Ok, I got this working and it wasn't so bad.

  1. First, the existing Klipper LB is going to interfere with MetalLB. Where did that come from? I swear I had the pending IP issue before. Well anyway, let's get rid of Klipper by adjusting the k3s configuration. Why prefer MetalLB? I think mainly because the IP will get reassigned if a node goes down, so that seems a little more reliable.
    ssh rancher@labc1
    sudo su
    mount -o remount,rw /k3os/system
    vim /k3os/system/config.yaml
    reboot

Modify config.yaml:

k3s_args:
  - server
  - --disable=servicelb
  1. I installed MetalLB through helm:
    helm repo add metallb https://metallb.github.io/metallb
    helm install metallb metallb/metallb -f artifacts/metallb/values.yaml

values.yaml:

configInline:
  address-pools:
   - name: default
     protocol: layer2
     addresses:
     - 192.168.1.50-192.168.1.59
  1. You may need to delete the traefik service and re-apply:
    kubectl get svc traefik -o yaml > traefik.yaml
    # (modify the file as needed)
    kubectl delete -f traefik.yaml
    kubectl apply -f traefik.yaml
  2. You should see an IPAllocated message pop up in traefik service description:
    Type    Reason        Age   From                Message
    ----    ------        ----  ----                -------
    Normal  IPAllocated   21s   metallb-controller  Assigned IP ["192.168.1.50"]
    Normal  nodeAssigned  21s   metallb-speaker     announcing from node "laba9"
  3. At this point I put 192.168.1.50 mydomain.com into my /etc/hosts file and I was able to test with an nginx base image.
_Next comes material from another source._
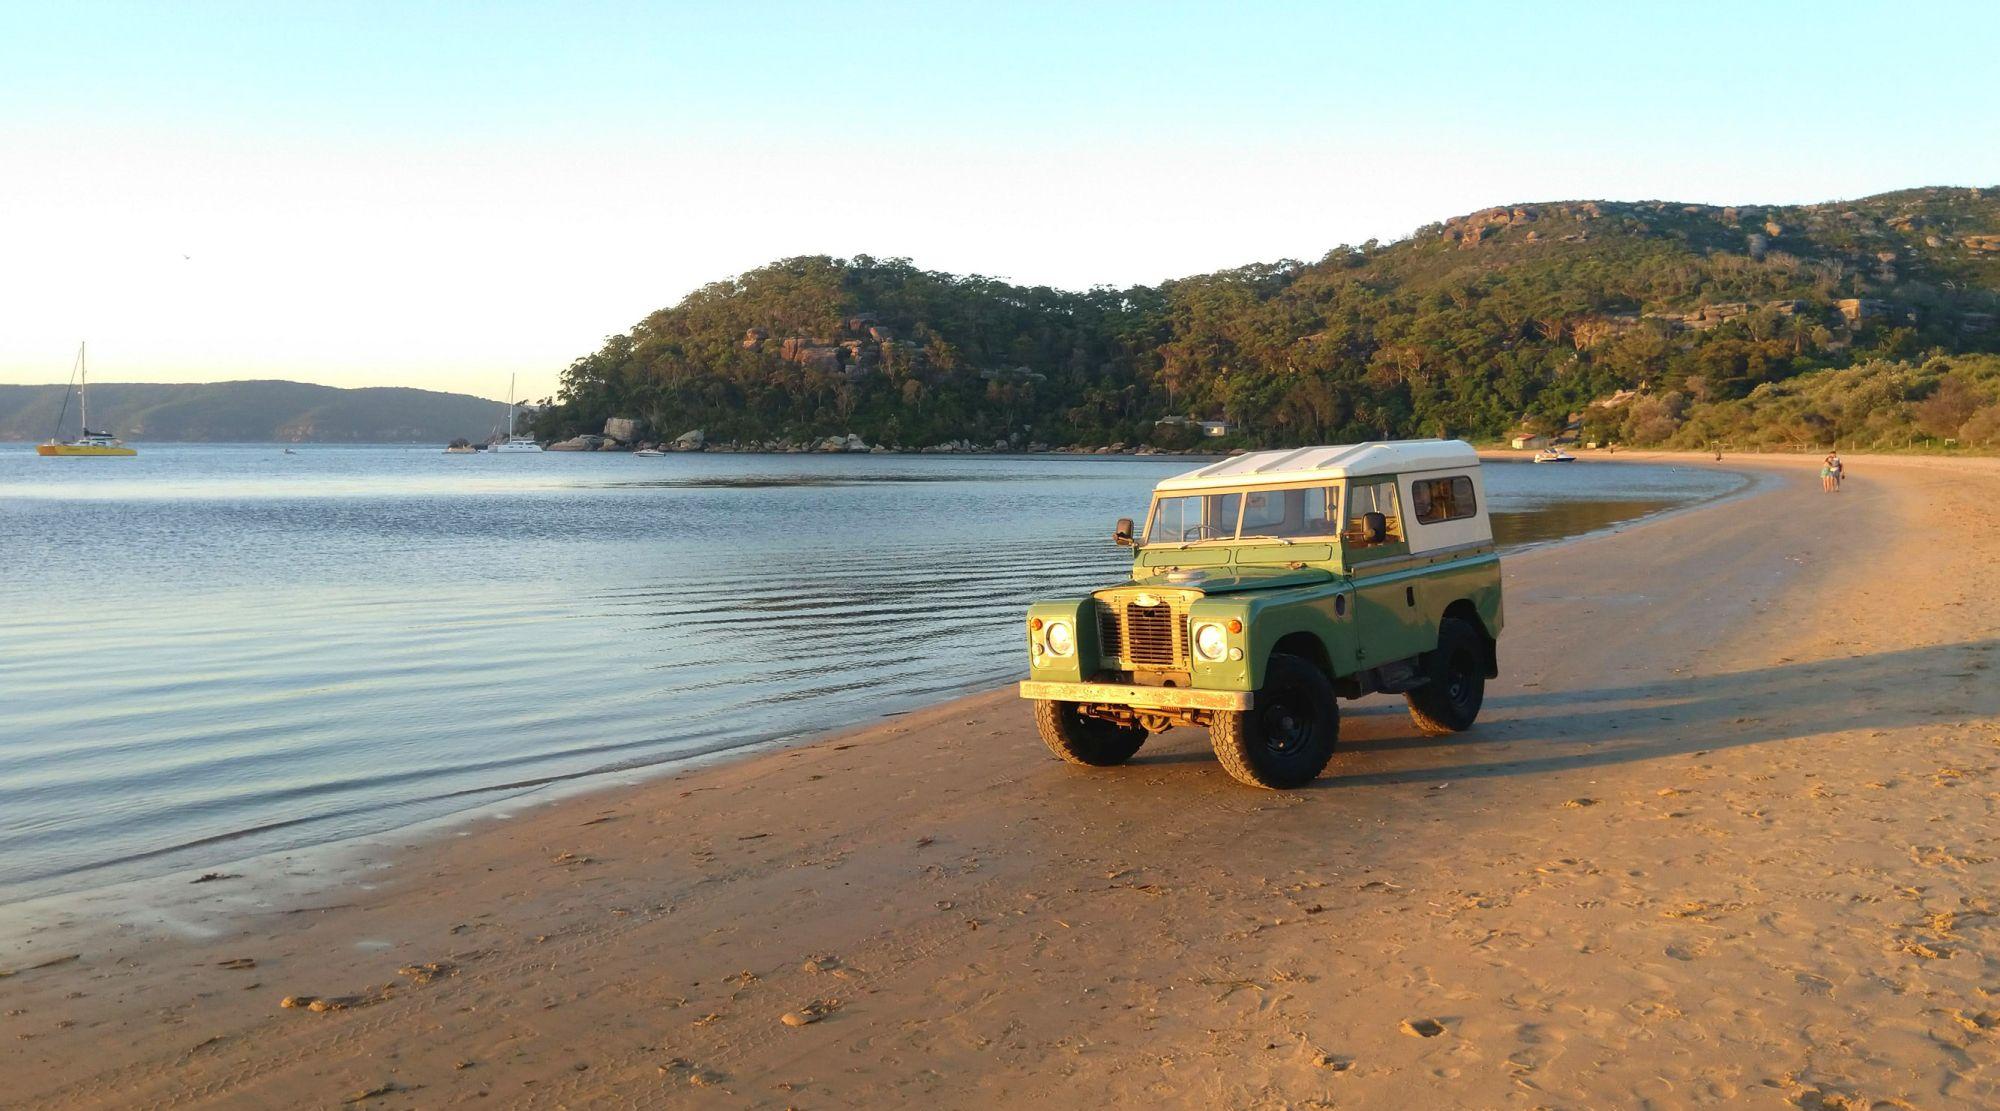 Marketing material for Jaunt Motors electric vehicle in Australia

Here's the yaml for that test server if you'd like to use this yourself. Just change Host towards the end.
---
apiVersion: apps/v1
kind: Deployment
metadata:
  name: hello-dep
  namespace: experiment
spec:
  replicas: 1
  selector:
    matchLabels:
      app: hello-dep
  template:
    metadata:
      labels:
        app: hello-dep
      name: hello
      namespace: experiment
    spec:
      containers:
        - name: hello
          image: nginx
          ports:
            - name: http
              containerPort: 80

---
apiVersion: v1
kind: Service
metadata:
  name: hello-service
  namespace: experiment
spec:
  selector:
    app: hello-dep
  ports:
    - protocol: TCP
      port: 80

---
apiVersion: traefik.containo.us/v1alpha1
kind: IngressRoute
metadata:
  name: hello-ingress
  namespace: experiment
spec:
  entryPoints:
    - web
  routes:
  - match: Host(`mydomain.com`)
    kind: Rule
    services:
    - name: hello-service
      port: 80

That's it! Appears to be working from my end now. SSL is next up.

Ashkaan commented 1 year ago

This doesn't work for me. Klipper doesn't leave even though I have my config correct and service restarted. Any ideas as to how to get rid of klipper completely?

valerauko commented 10 months ago

For me the issue was that when upgrading to a newer version of k3s, at some point apparently the naming scheme changed.

Meaning I had a svclb-traefik (running rancher/klipper-lb:v0.2.0) and a svclb-traefik- (running rancher/klipper-lb:v0.4.4).

kubectl -n kube-system get daemonset

The latter stayed pending because obviously the old one (still functioning without issue) had the respective ports already taken on all nodes.

I resolved this by disabling the old DaemonSet. I first patched it to a non-existent node selector. Then I confirmed that the new DaemonSet came available on all nodes (and that my public sites were actually available), and went on to delete the old DaemonSet manually.